Concert venue in Wales

The Brangwyn Hall (Neuadd y Brangwyn) is a concert venue in Swansea. It is named after the artist Frank Brangwyn, whose British Empire Panels, originally intended for the House of Lords, are displayed there.

==History==
The Brangwyn Hall was designed and built as part of the Swansea Guildhall in 1934 but, before the British Empire Panels could be installed, the ceiling of the hall had to be raised in order to show them off.

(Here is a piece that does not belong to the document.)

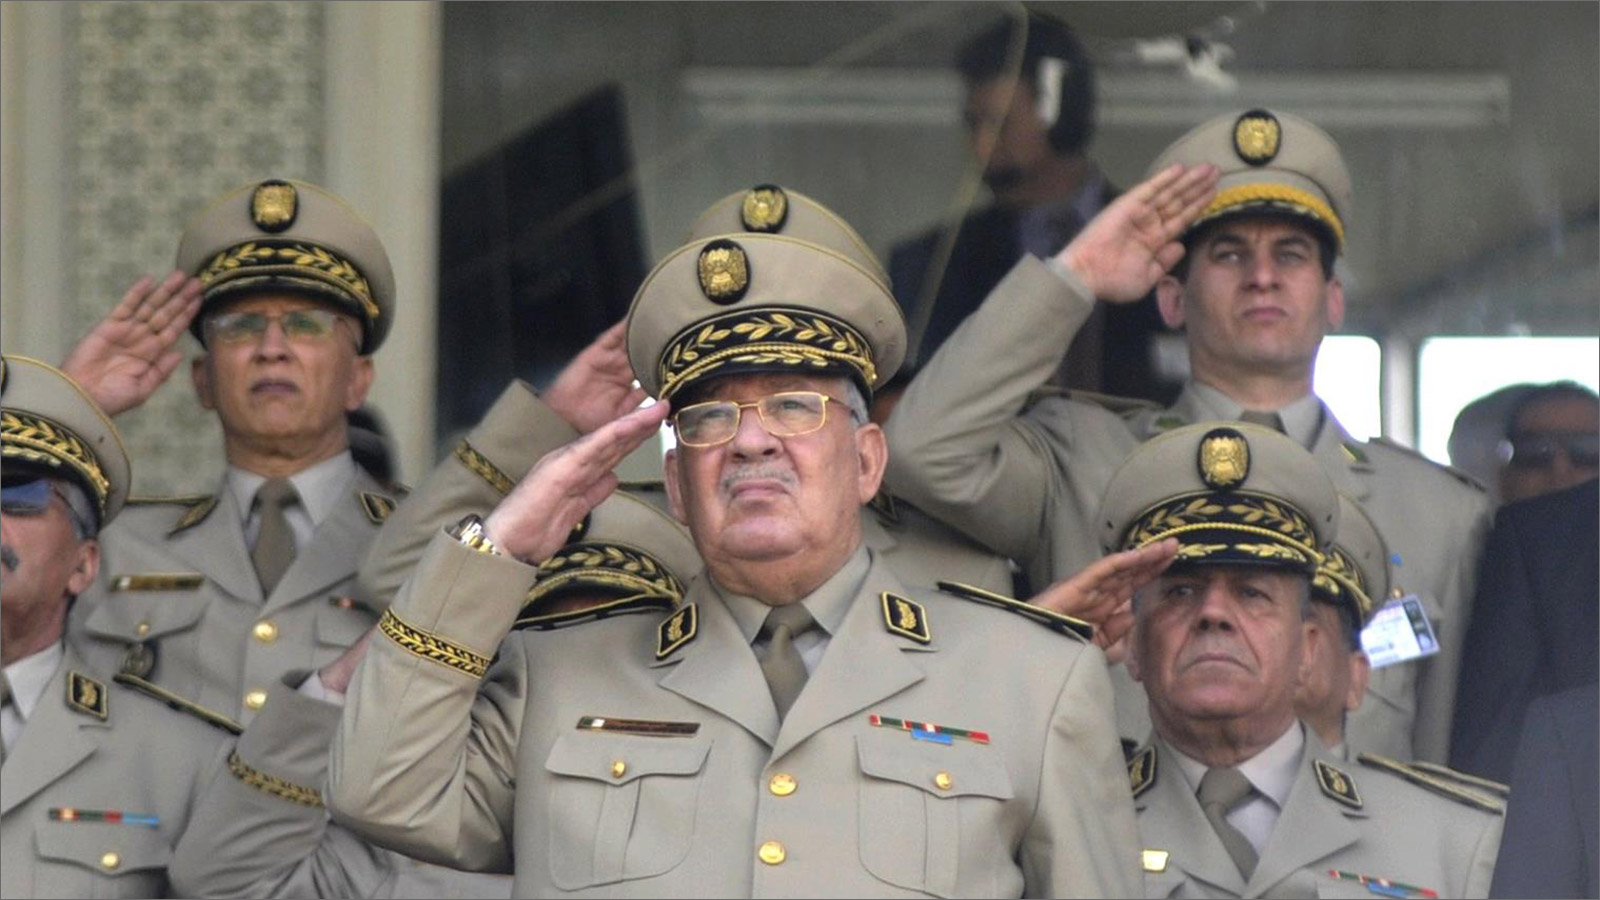 قايد صالح اتهم بشكل مباشر القائد السابق لجهاز المخابرات بـ

The British Empire Panels are sixteen large paintings by Frank Brangwyn which were commissioned in 1924 for the Royal Gallery of the House of Lords, to commemorate the First World War. Brangwyn had worked as an official war artist, and was selected by the sponsor Lord Iveagh, an Irish peer. He chose to create a "decorative painting representing various Dominions and parts of the British Empire", and five finished panels were displayed in 1930. The work was completed in 1932, but, after some sections of the media argued that the panels were too colourful and spirited, the House of Lords declined them. So Swansea Council acquired them instead.

==Organ==
The pipe organ (Organ Neuadd y Brangwyn) has four manuals. It was designed by Henry Willis & Sons, and was originally built in 1921 for the Elite Picture Theatre, Nottingham. It was relocated in October 1934.

==Description==
The Brangwyn Hall is used for awards ceremonies and social events as well as classical music concerts and rock concerts. Among the ceremonies held at the Brangwyn Hall are the annual Chinese New Year celebrations (for the Chinese community in Swansea). The graduation ceremonies for students graduating from University of Wales Trinity Saint David were also held there, before they moved to the newly built Swansea Arena, and then reverted to the hall in July 2025. Swansea University uses Brangwyn Hall as an external examination venue. The BBC National Orchestra of Wales frequently uses this venue when performing in Swansea.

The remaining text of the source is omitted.